Those who go on to develop borderline personality disorder (BPD) almost invariably grew up as children in highly dysfunctional families in which the parent/s was/were emotionally unstable.
I have written about BPD extensively in other articles on this site (to access them, simply type ‘BPD’ into the site’s search box) so I will only briefly recap upon some of the main symptoms from which the individual with BPD suffers :
– inability to control powerful emotions
– extremely chaotic interpersonal relationships
– extremely poor impulse control
– very poor sense of own identity (also sometimes referred to as ‘identity confusion’)
– sees others in terms of being either ‘all good’ or ‘all bad’ with no middle ground (this is also sometimes referred to as ‘black and white’ thinking or ‘dichotomous thinking)
– hypersensitivity, especiallly a tendency to interpret neutral, innocuous comments of others as personal slights
Overwhelmingly, the most important risk factors leading the child to go on to develop BPD are child abuse and child neglect. Indeed, these two risk factors easily outweigh the influence of biological and social factors.
The child who goes on to develop BPD as an adult is very likely to have grown up in a household in which he received ‘double messages’ from his/her parent/s – in other words, the child’s parent/s are very likely to have both felt and expressed EXTREME AMBIVALENCE towards the child. I describe how this ambivalence towards the child generally manifests itself below :
THE FORM PARENTAL AMBIVALENCE TOWARDS THE CHILD TAKES :
It is theorized that the parent holds, simultaneously, 2 attitudes towards being a parent which are contradictory and in direct opposition to each other. It is thought the 2 conflicting attitudes are :
ATTITUDE 1 : the parent/s believe their role as a parent is of great importance and central to their lives
ATTITUDE 2 (in direct opposition to the above but simultaneously held) the parent/s deeply resent having to fulfill a parental role and regard the child as an IRRITATING OBSTACLE PREVENTING THEM FROM PURSUING THINGS THAT WOULD LEAD TO THEIR PERSONAL FULFILLMENT.
Not infrequently, such ambivalent feelings will focus upon just one child, leaving his/her siblings relatively emotionally undamaged.
HOW DOES THE CHILD RESPOND TO SUCH AMBIVALENCE?
Unconsciously, the child has a deep need to keep the ambivalent parent/s as emotionally stable as possible (in Darwinian terms, this is clearly in the interests of his/her survival).

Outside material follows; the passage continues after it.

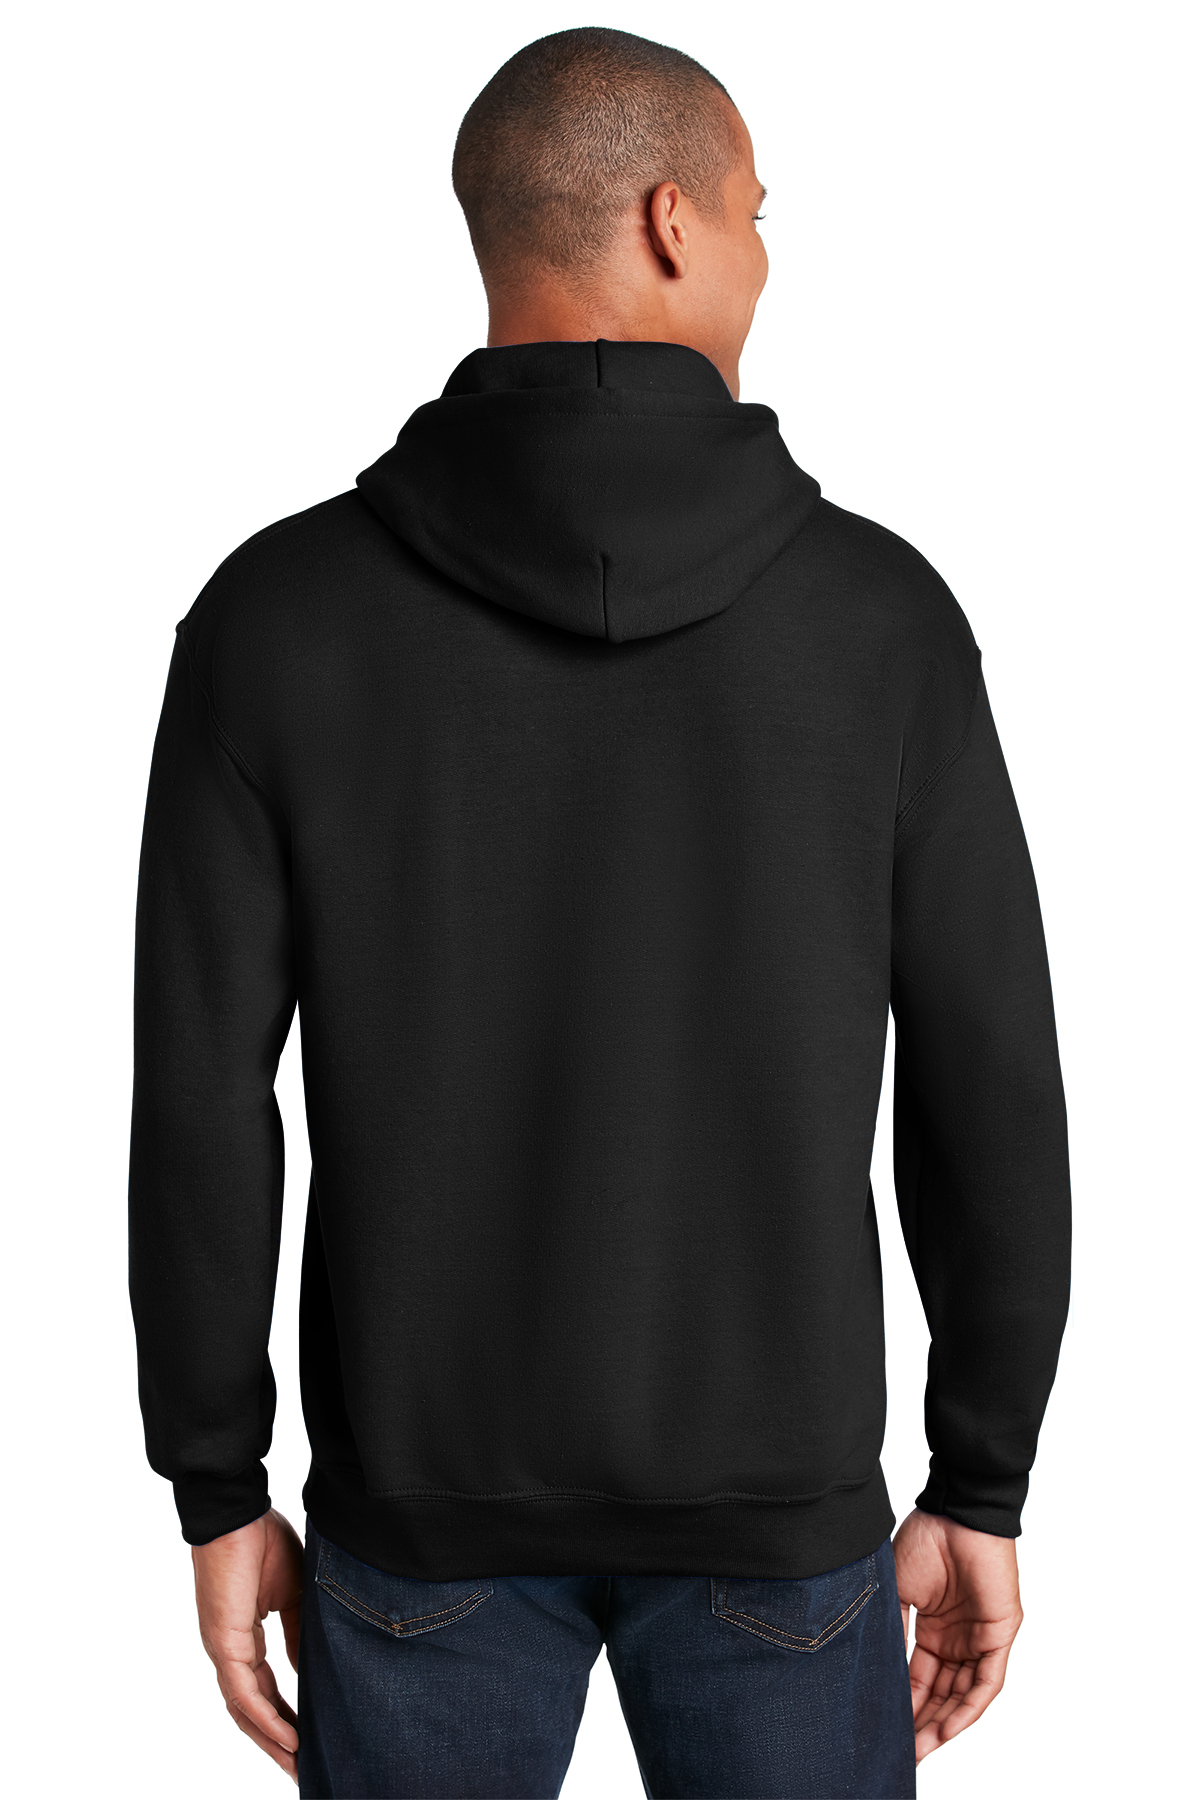 Gildan Heavy Blend Adult Hooded Sweatshirt 18500/88500 - Shirts and Prints  Ph

The dilemma is, therefore, as follows :
On the one hand, s/he needs to remain of great importance to the ambivalent parent/s (in order to support attitude 1 (above)). On the other hand, however, s/he needs to allow them to justify, in their own minds, their hostility, anger and resentment towards him/her (in order to support attitude 2 (above)).
But how can this possibly be achieved?
Building upon an original idea of Melanie Kline, it has been theorized that, in order to maintain his/her parent’s/parents’ psychological equilibrium, the child must adopt what has been termed spoiler behaviour (this is NOT a conscious decision of the child’s – it is driven by unconscious forces).
‘Spoilier behaviour’ involves :
– in effect, refusing to grow up
– remaining dependent on the parent/s (as not able to function competently as an adult)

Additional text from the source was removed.